As described in a previous report16, the estimated copy number of the minor allele at the locus of each mutation was evaluated. A value of 0 indicated the presence of LOH, while a value of 1 or more indicated the absence of LOH. Mutations with unknown locus-specific copy numbers in either the CCLE or CLP dataset were determined for LOH status using the other dataset. Samples with mutations that still had unknown LOH were excluded from the relevant analysis.

Mutational signature 3

Using all SNVs extracted from gene mutation profiles as input, the cosine similarity to the mutational signature 3 of COSMIC version 2 reference signatures was calculated using SigMA38.

HRD score

The scarHRD39 was utilized to calculate the telomeric allelic imbalance (TAI)11, large-scale state transition (LST)12, and genomic loss of heterozygosity (LOH) scores13 based on the segmented allele-specific copy number data. The HRD score was determined as the sum of these scores.

BRCA1 methylation

Gene expression and methylation beta values of the BRCA1 promoter regions were analyzed to annotate methylation silencing for each cell line. Specifically, in the CCLE dataset, samples with a beta value > 0.3 in two promoter regions located 1Kb upstream from the transcription start site and gene expression < 10% were considered to have BRCA1 methylation (Figure S11a). In the CLP dataset, significant negative correlations were observed between beta values and BRCA1 gene expression in 17 promoter methylation probes. Samples with beta values > 0.2 and gene expression < 30% for at least 15 of the 17 probes were considered to have BRCA1 methylation (Figure S11b).

Drug sensitivity datasets

Drug sensitivity screening data for GDSC1/23, CTRP1/24,5, and PRISM6 were obtained from their original websites (Table S2).
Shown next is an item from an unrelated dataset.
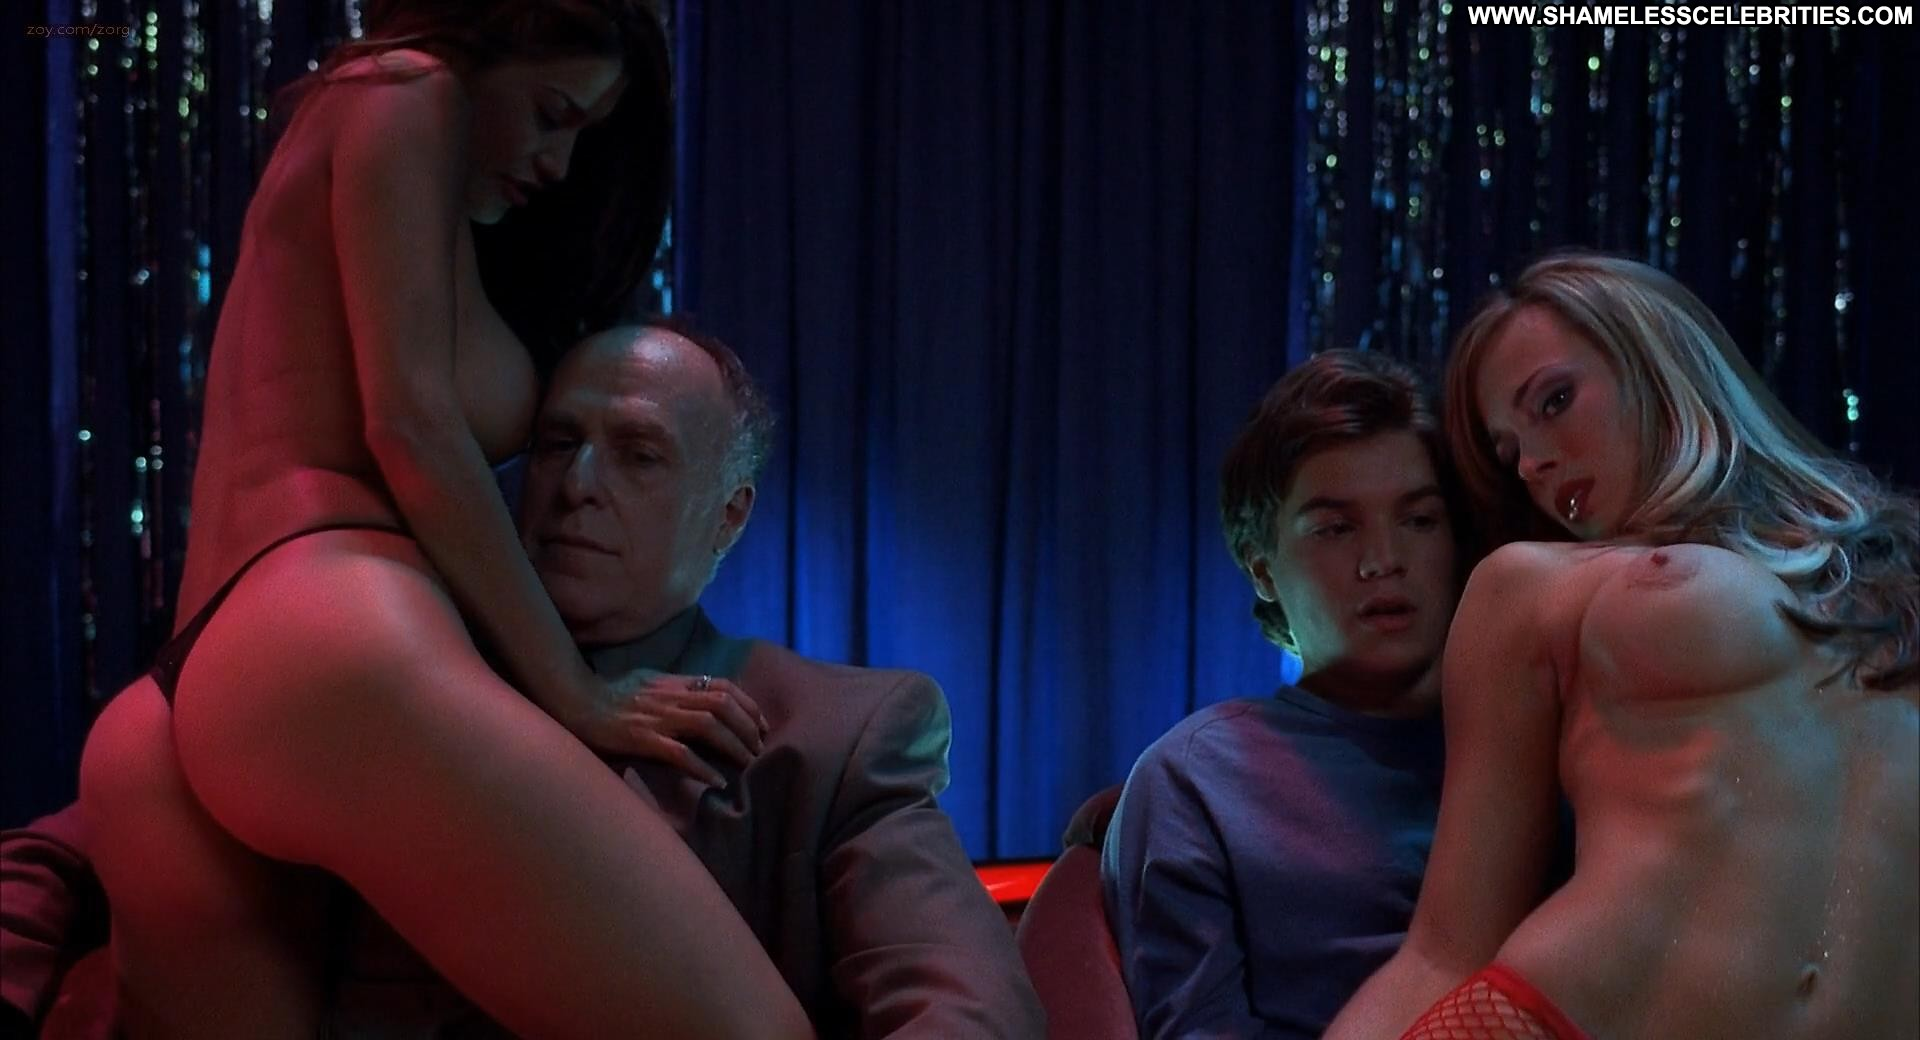 Seth rogen nude scene clip naked male celebrities
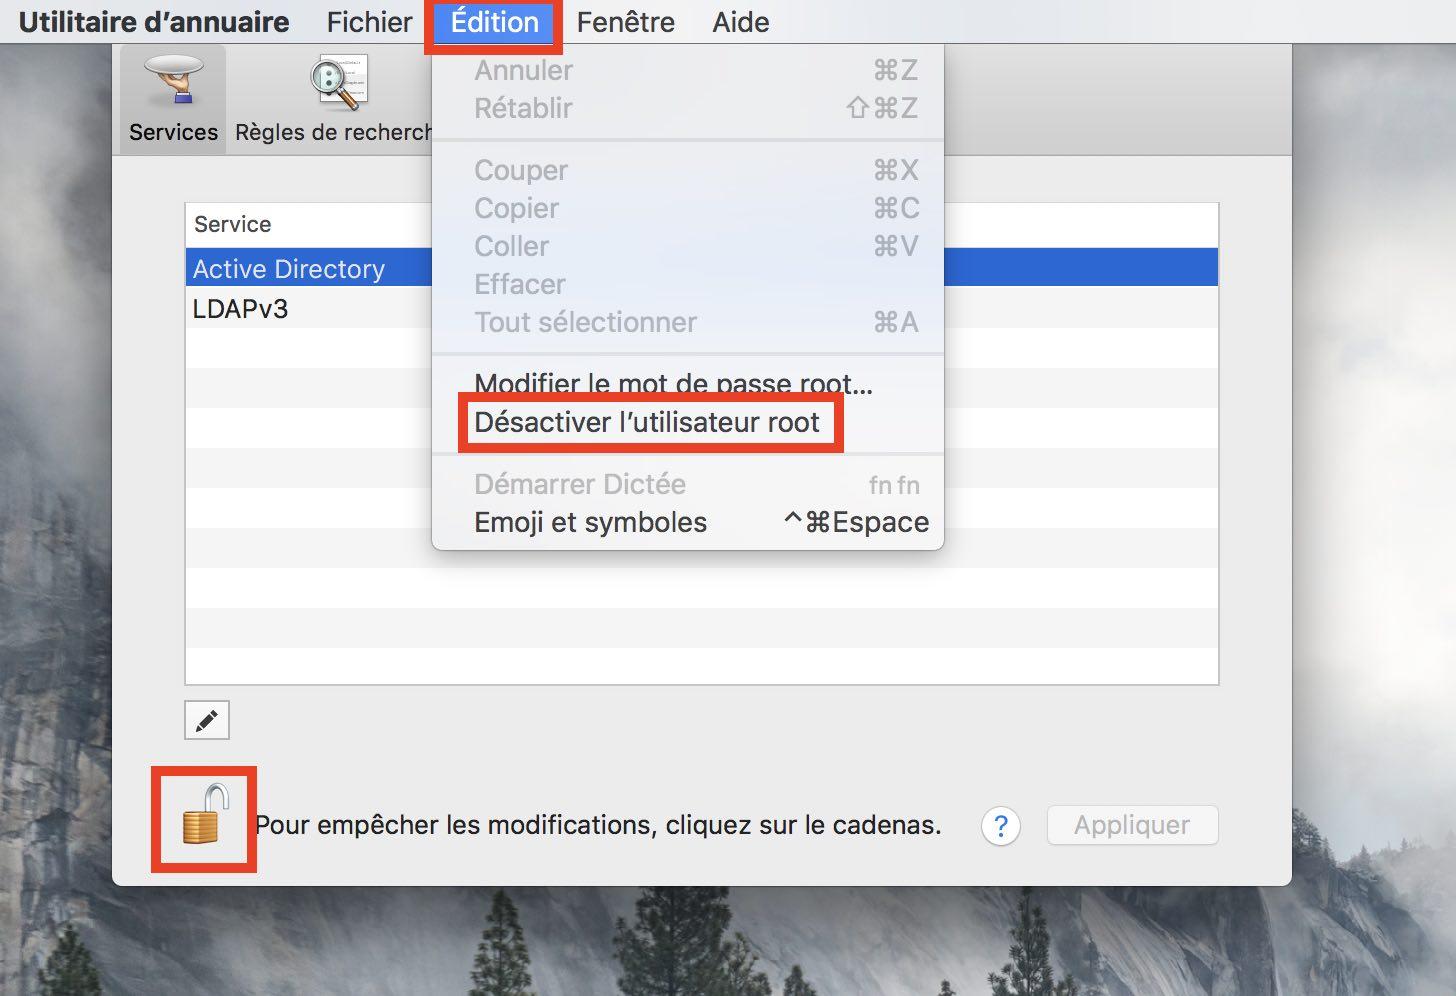 macOS High Sierra: un gran defecto que da acceso root a cualquiera, ¿cómo protegerse? 3

For the gCSI dataset7, curated drug response data were obtained from PharmacoDB40,41. We employed the area under the drug-response curve (AUC) values rather than the half maximal inhibitory concentration (IC50) for comparing drug effects, because the AUC reportedly contains fewer outliers compared to the IC5042, and, indeed, had fewer missing values in the datasets. In these datasets, the same drug may have been assayed multiple times under different conditions. For an unbiased evaluation, we analyzed all such assays separately without any modification. Among the compounds in the CTRP1/2, those with clinical application or FDA approval were retained. Similarly, among the compounds studied in the PRISM, those relevant to the field of oncology were retained. All drugs were integrated using their drug name and PubChem compound ID, and then categorized into 24 classes based on drug annotations in the GDSC and CTRP. The categories included Platinum, PARP inhibitor, Topoisomerase inhibitor, DNA alkylator, DNA inhibitor, Antimetabolite, PI3K/MTOR signaling, RTK signaling, Chromatin-related, ERK MAPK signaling, Cell cycle-related, Anti-microtubular, Protein stability and degradation, Apoptosis regulation, EGFR signaling, WNT signaling, Genome integrity, Metabolism, Hormone-related, IGF1R signaling, p53 pathway, Cytoskeleton, JNK and p38 signaling, and Others (Table S3). Assays with insufficient number of samples for comparison were excluded; in the CCLE datasets, 82 assays with fewer than 10 samples with HR-related gene alterations were excluded and the remaining 800 assays were analyzed; in the CLP datasets, 213 assays with fewer than 10 samples with HR-related gene alterations were excluded and the remaining 669 assays were analyzed.

Statistical analysis

All statistical analyses were performed using Python (3.8.8). Comparison of drug sensitivity between cell lines per assay was performed by the Mann-Whitney and Spearman’s correlation tests using SciPy module (1.7.2). P values were corrected for multiple testing using the Holm method. Adjusted P value < 0.05 was considered statistically significant.

Ethics

This study used only previously published anonymized data and was exempt from institutional review board approvals and informed consent for patients.